Tamto czeskie przedstawienie było przypomnieniem 90. rocznicy pogromu Ormian z rąk Turków, polskie jest także swego rodzaju głosem, choć może niezamierzonym, w toczącej się aktualnie żywej dyskusji o możliwym członkostwie Turcji w Unii Europejskiej. Akcja sztuki dzieje się w latach 20. XX w. w Milwaukee w USA, a bohaterami są uciekinierzy ormiańscy. Nawiązuje do tragicznego i brzemiennego w skutkach wydarzenia w historii tego narodu, o którym niewiele się wie i mówi w naszej części globu.
Ormianie to naród przedsiębiorczy, z żyłką kupiecką, wykształcony, broniący własnej tożsamości i kultury, lecz pokojowo nastawiony. 24 kwietnia 1915 r. rozpoczęła się rzeź Ormian. Turcy wysiedlili i wymordowali ponad półtora miliona przedstawicieli tego narodu, ich ziemie i mienie zagrabili. Ormianie, którzy przeżyli, rozproszyli się po całym świecie. Do dziś nie doczekali się zadośćuczynienia za szkody materialne oraz krzywdy moralne, których nie da się zliczyć.
Warto przypomnieć, że ormiańskich przodków miał polski wieszcz Juliusz Słowacki, a ze znanych współczesnych Polaków ormiańskie korzenie posiadał np. poeta Zbigniew Herbert, kompozytor Krzysztof Penderecki, reżyser Jerzy Kawalerowicz, ksiądz Tadeusz Isakowicz-Zaleski, publicysta i podróżnik Robert Makłowicz czy aktorki Anna Dymna i Sonia Bohosiewicz, która notabene urodziła się w Cieszynie.

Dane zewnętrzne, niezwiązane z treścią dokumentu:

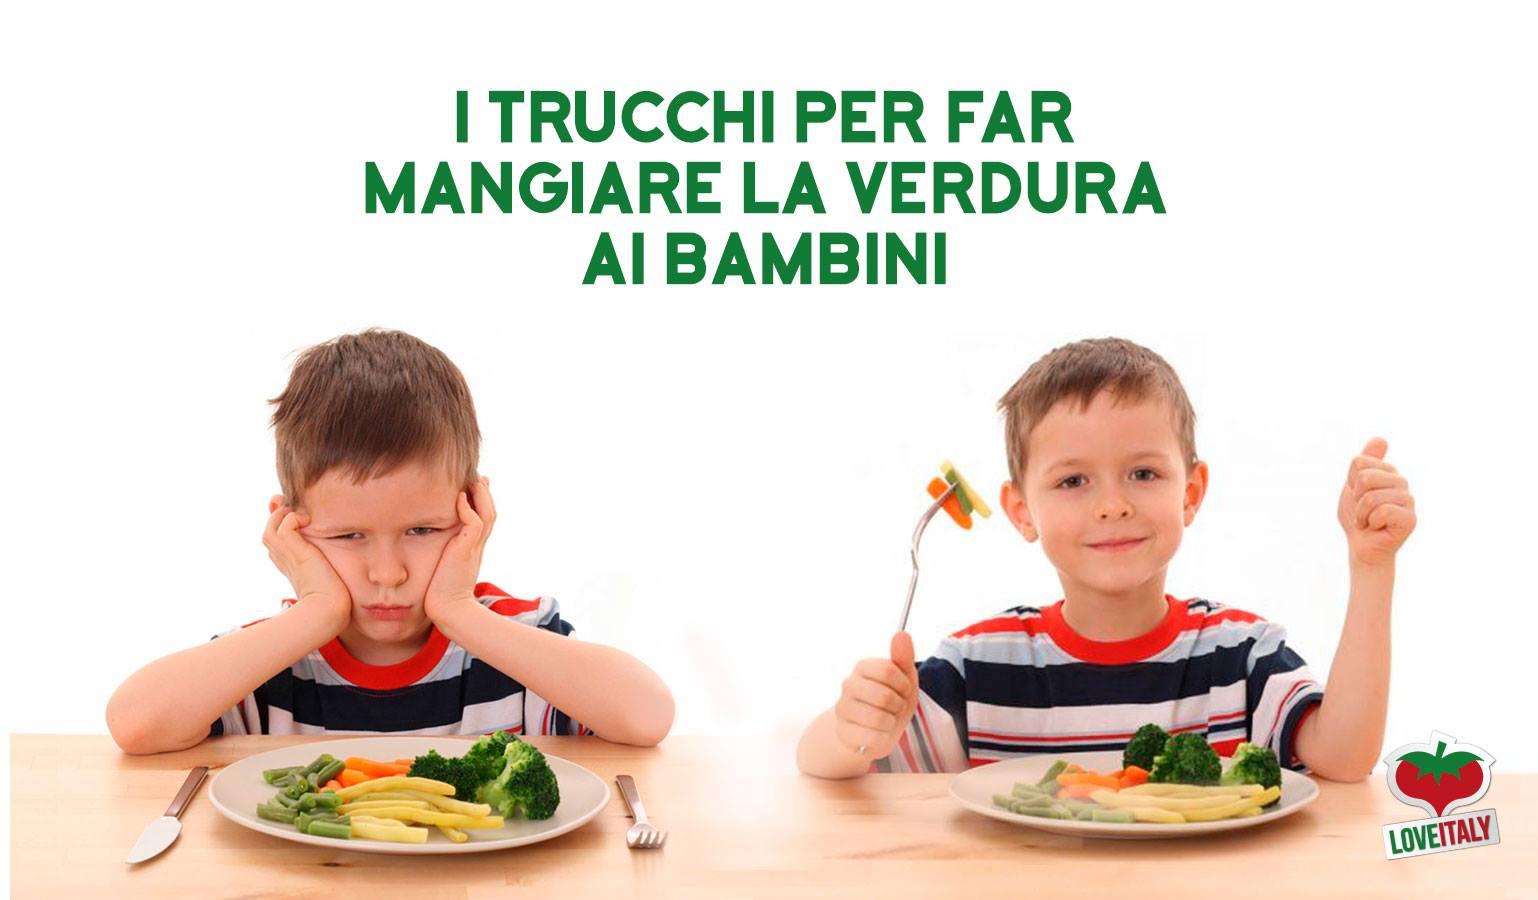 Come far mangiare le verdure ai bambini: trucchi

Czeski reżyser Michael Tarant, który jest też znakomitym twórcą przedstawień operowych i baletowych i wystawia także za granicą, m.in. w Polsce, współpracował już dwukrotnie ze Sceną Polską, realizując z wielkim rozmachem inscenizacje „Viva Verdi" i „Hamlet". Tym razem, wydawało się, temat narzucał konwencję bardziej kameralną. Zwłaszcza że przed dziesięcioma laty grał już w Pradze teatr Divadlo na Vinohradech tę sztukę w jego reżyserii i był to spektakl kameralny. A jednak w Czeskim Cieszynie zaprezentował koncepcję zgoła odmienną.

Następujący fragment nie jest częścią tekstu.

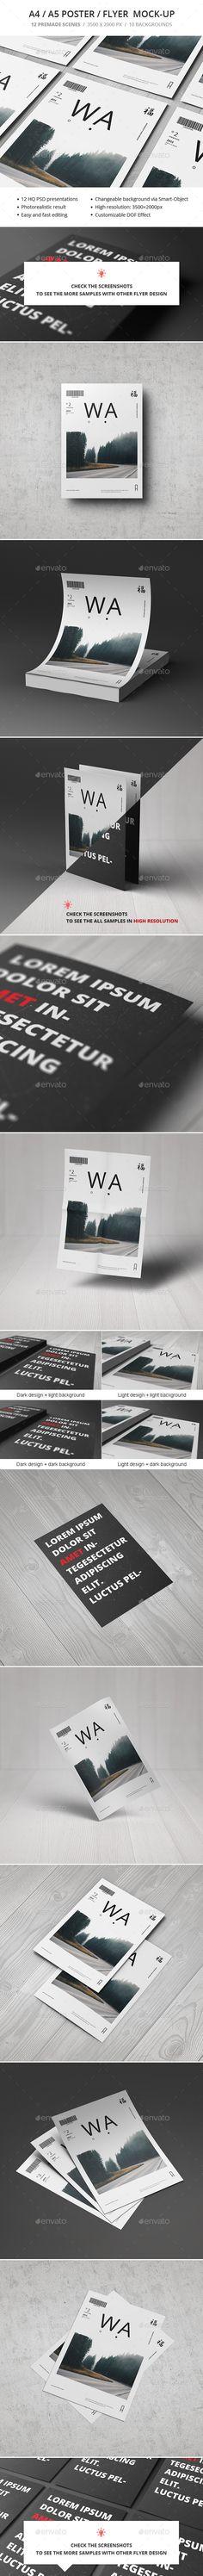 A4 / A5 / Poster / Flyer Mockup #design #presentation Download: http://graphicriver.net/item/a4-a5-poster-flyer-mockup/10989492?ref=ksioks

Zabudował całą scenę, tworząc kilka planów w jej przestrzeni: z lustrem, stołem, kanapą, biurkiem. W górze wisi ogromny krzyż. Rzuca się w oczy wielki portret rodzinny, na którym zamiast głów członków rodu są tylko otwory. W kilku miejscach pogrupowano cienkie palące się świece - za tych, co bez głów? Bohaterowie mają swoje ukochane przedmioty, lalkę, płaszcz, które są wspomnieniem utraconej ojczyzny. Takich symboli, które powinny być zrozumiałe dla widza, jest w przedstawieniu wiele.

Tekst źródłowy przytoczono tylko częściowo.